In un articolo pubblicato online oggi in Intelligenza artificiale della natura, gli scienziati descrivono come hanno sfidato nove diversi modelli linguistici con centinaia di coppie di frasi. Per ciascuna coppia, le persone che hanno partecipato allo studio hanno scelto quale delle due frasi ritenevano più naturale, nel senso che era più probabile che venisse letta o ascoltata nella vita di tutti i giorni. I ricercatori hanno poi testato i modelli per vedere se avrebbero valutato ciascuna coppia di frasi allo stesso modo degli umani.
Nei test testa a testa, le IA più sofisticate basate su quelle che i ricercatori chiamano reti neurali trasformatrici tendevano a funzionare meglio rispetto ai modelli di reti neurali ricorrenti più semplici e ai modelli statistici che misurano semplicemente la frequenza delle coppie di parole trovate su Internet o nei database online. . Ma tutti i modelli hanno commesso degli errori, a volte scegliendo frasi che all’orecchio umano sembrano senza senso.

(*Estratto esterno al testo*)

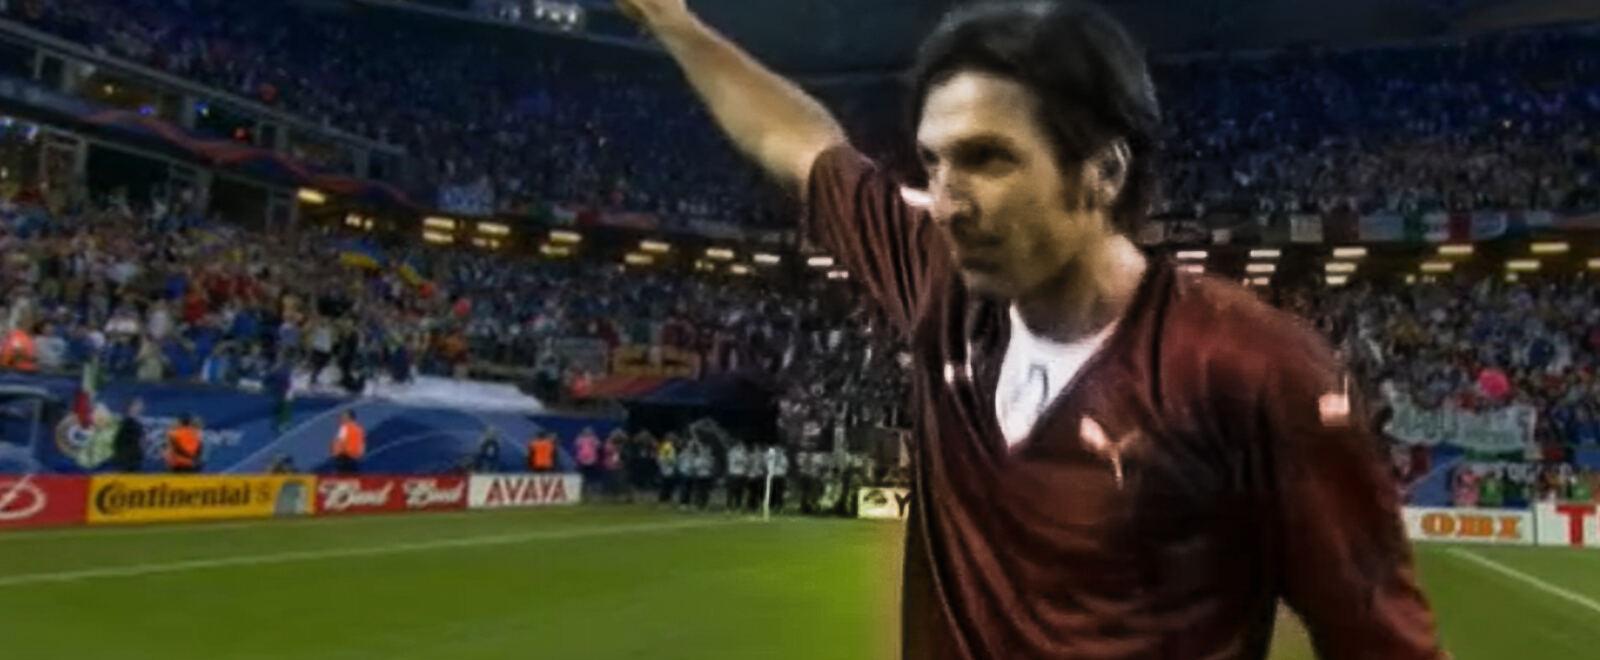 Emozioni Mondiali: The story of 2006
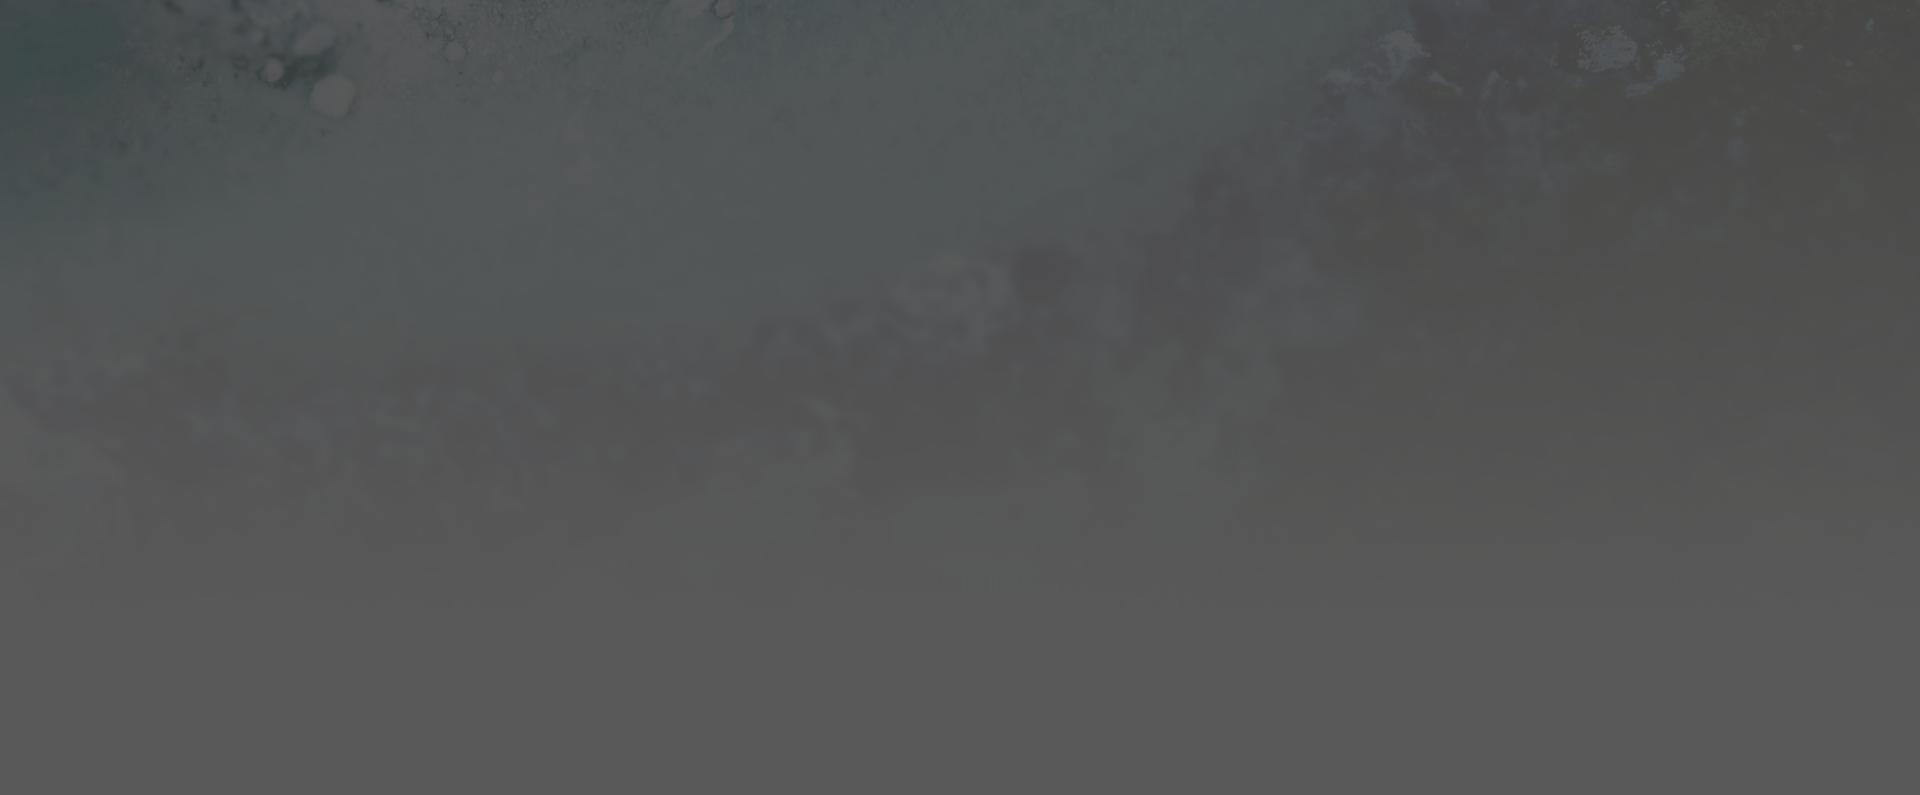 gray-background-medium

“Il fatto che alcuni dei grandi modelli linguistici funzionino così bene suggerisce che catturano qualcosa di importante che manca ai modelli più semplici”, ha affermato il dottor Nikolaus Kriegeskorte, PhD, ricercatore principale presso lo Zuckerman Institute della Columbia e coautore dell’articolo. “Il fatto che anche i migliori modelli che abbiamo studiato possano ancora essere ingannati da frasi senza senso dimostra che nei loro calcoli manca qualcosa nel modo in cui gli esseri umani elaborano il linguaggio.”
Considera la seguente coppia di frasi che sia i partecipanti umani che l’intelligenza artificiale hanno valutato nello studio:
Questa è la narrazione che ci è stata venduta.
Questa è la settimana in cui stai morendo.
Le persone a cui sono state date queste frasi nello studio hanno giudicato che la prima frase avesse maggiori probabilità di essere incontrata rispetto alla seconda. Ma secondo BERT, uno dei modelli migliori, la seconda frase è più naturale. GPT-2, forse il modello più conosciuto, ha identificato correttamente la prima frase come più naturale, corrispondendo ai giudizi umani.
“Ogni modello mostrava punti ciechi, etichettando alcune frasi come significative che i partecipanti umani pensavano fossero incomprensibili”, ha detto l’autore senior Christopher Baldassano, PhD, assistente professore di psicologia alla Columbia. “Ciò dovrebbe farci riflettere sulla misura in cui vogliamo che i sistemi di intelligenza artificiale prendano decisioni importanti, almeno per ora.”
Le prestazioni buone ma imperfette di molti modelli sono uno dei risultati dello studio che più incuriosisce il Dr. Kriegeskorte. “Capire perché esiste questo divario e perché alcuni modelli superano altri può favorire il progresso con i modelli linguistici”, ha affermato.
Un’altra domanda chiave per il gruppo di ricerca è se i calcoli nei chatbot di intelligenza artificiale possano ispirare nuove domande e ipotesi scientifiche che potrebbero guidare i neuroscienziati verso una migliore comprensione del cervello umano. Il modo in cui funzionano questi chatbot potrebbe indicare qualcosa sui circuiti del nostro cervello?
Un’ulteriore analisi dei punti di forza e dei difetti dei vari chatbot e dei loro algoritmi sottostanti potrebbe aiutare a rispondere a questa domanda.
“In definitiva, siamo interessati a capire come pensano le persone”, ha affermato Tal Golan, PhD, autore corrispondente dell’articolo che quest’anno è passato da una posizione post-dottorato presso lo Zuckerman Institute della Columbia per avviare il proprio laboratorio presso l’Università Ben-Gurion del Negev in Israele. “Questi strumenti di intelligenza artificiale sono sempre più potenti, ma elaborano il linguaggio in modo diverso rispetto a noi. Confrontare la loro comprensione del linguaggio con la nostra ci offre un nuovo approccio al modo di pensare”.